In light of the jurisprudence discussed herein and considering the prosecutor’s remarks in context, we find that the trial court did not abuse its discretion in denying defendant’s motion for mistrial. Accordingly, the arguments raised by defendant in this assigned error are without merit.

ERROR PATENT REVIEW

We have also reviewed the record for errors patent, according to La.C.Cr.P. art. 920; State v. Oliveaux, 312 So.2d 837 (La.1975); and State v. Weiland, 556 So.2d 175 (La.App. 5 Cir.1990). Our review reveals an error in the “State of Louisiana Uniform Commitment Order,” insofar as the dates of the offenses. While the uniform commitment order correctly reflects the offense date of February 7, 2012, for the charges of possession of a firearm by a convicted felon, it fails to reflect the offense date of January 18, 2012, for the armed robbery, attempted armed robbery, and aggravated battery charges.

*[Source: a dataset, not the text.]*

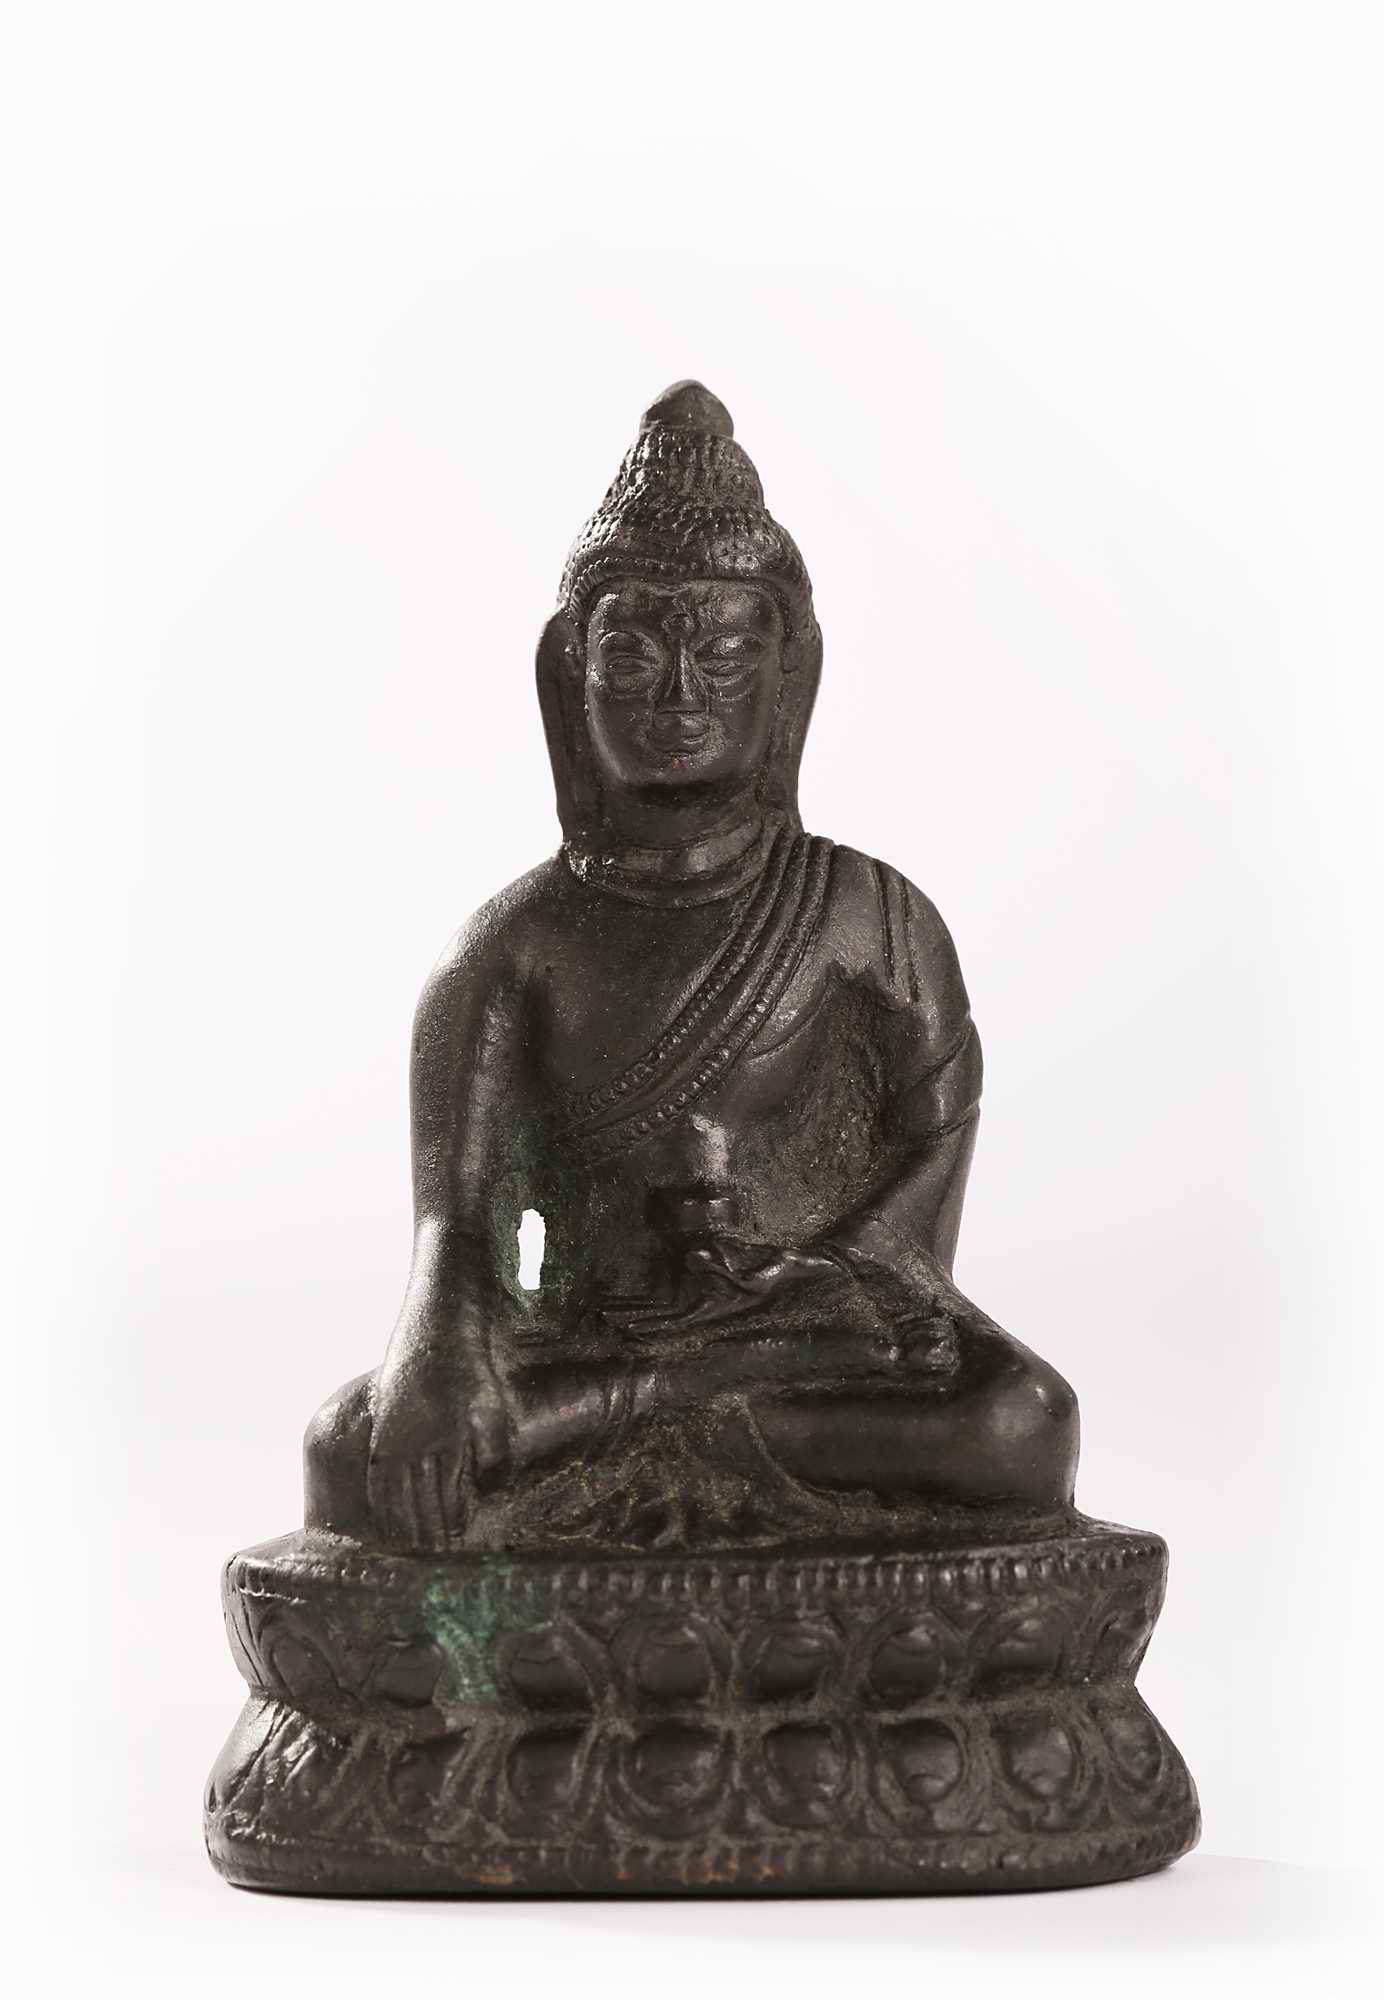 装裱形式：西藏 14-15世纪释迦牟尼
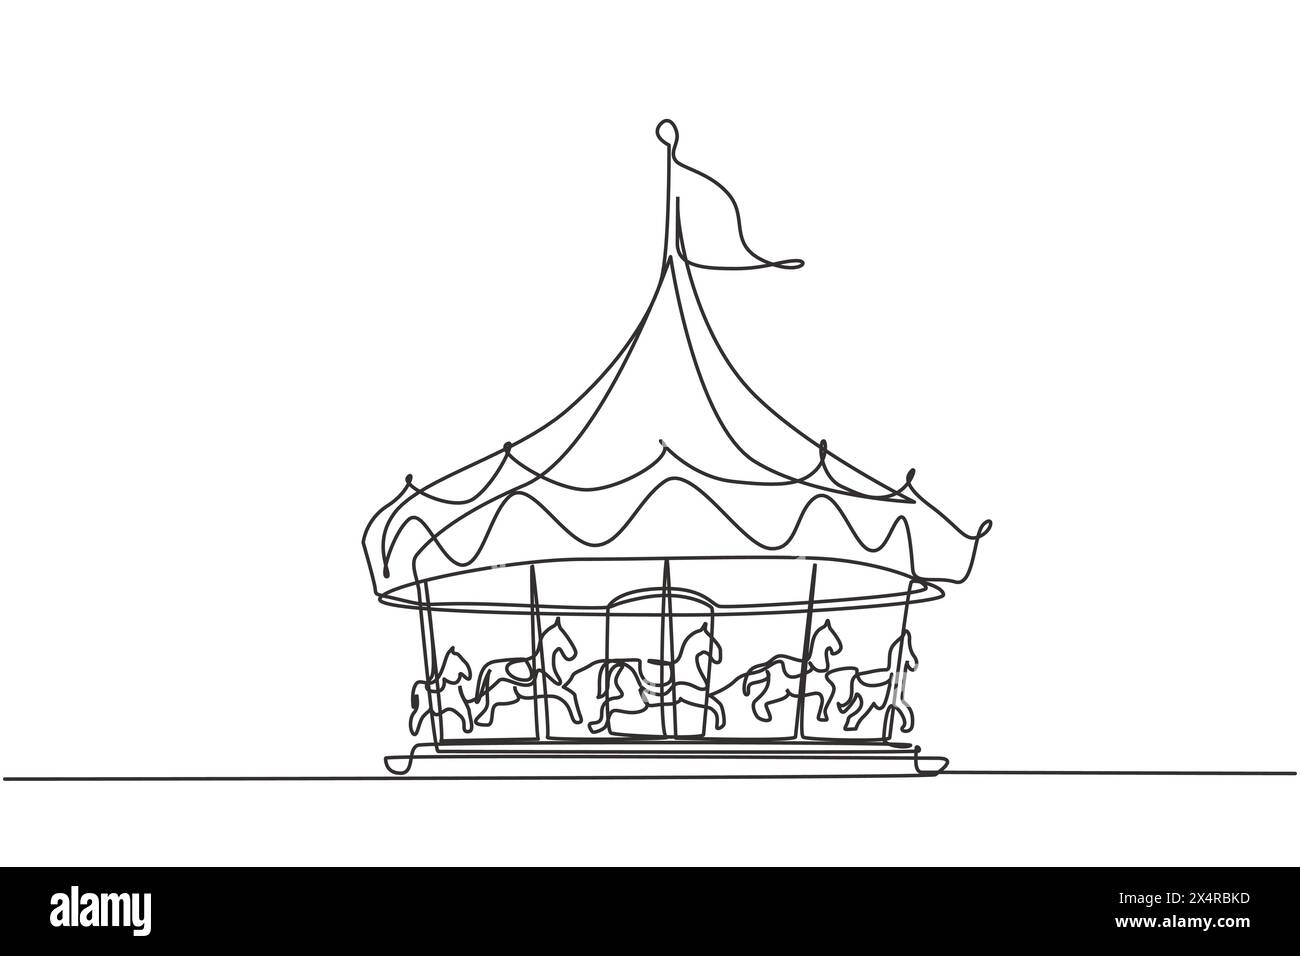 Carrousel de cheval de dessin continu d'une ligne dans un parc d'attractions tournant sous une grande tente avec un drapeau dessus. Des loisirs que les enfants adorent. L unique Illustration de Vecteur

This Court has previously remanded a case for correction of the uniform commitment order in its error patent review. State v. Lyons, 13-564 (La.App. 5 Cir. 1/31/14), 134 So.3d 36. Therefore, we direct the trial court to make the appropriate entry reflecting this additional offense date and direct the Clerk of Court to transmit the original of the corrected uniform commitment order to the officer in charge of the institution to which defendant has been sentenced and the Department of Correction’s Legal Department. See La.C.Cr.P. art. 892(B)(2); State ex rel. Roland v. State, 06-244 (La.9/15/06), 937 So.2d 846; State v. Lyons, 134 So.3d at 41.

For the reasons set forth herein, we affirm defendant’s convictions and sentences. The matter is remanded for correction of an error patent as noted herein.

CONVICTIONS AND SENTENCES AFFIRMED; REMANDED WITH INSTRUCTIONS.

. Co-defendant Jamar Owens proceeded to trial with defendant and was convicted of five criminal charges. His appeal is currently pending before this Court.

. Vincent Bailey, the father of Vincent Davis, provided the police with the nicknames of the suspects.

. Although Mr. Davis did not initially provide police with the names of the perpetrators, he testified at trial that he recognized all three of them and knew them by their nicknames. He admitted that at first, he did not cooperate with police and told them that he only saw the face of one perpetrator, Mar. His family subsequently convinced him to cooperate with police, at which time he gave a statement and made positive identifications of defendant and Owens in photographic lineups.

. At trial, in reference to the possession of firearms charges, the State introduced defendant’s certified conviction records and stipulated that his records showed that he was convicted in Jefferson Parish on May 5, 2010, for attempted armed robbery and aggravated battery, and on November 15, 2007, for possession of cocaine.

. Defendant also filed a motion for new trial in which he asserted, in part, as follows: "The state erred in suggesting in- its closing argument that the defense had any responsibility to call any witnesses at this trial.” The trial court denied defendant's motion for new trial.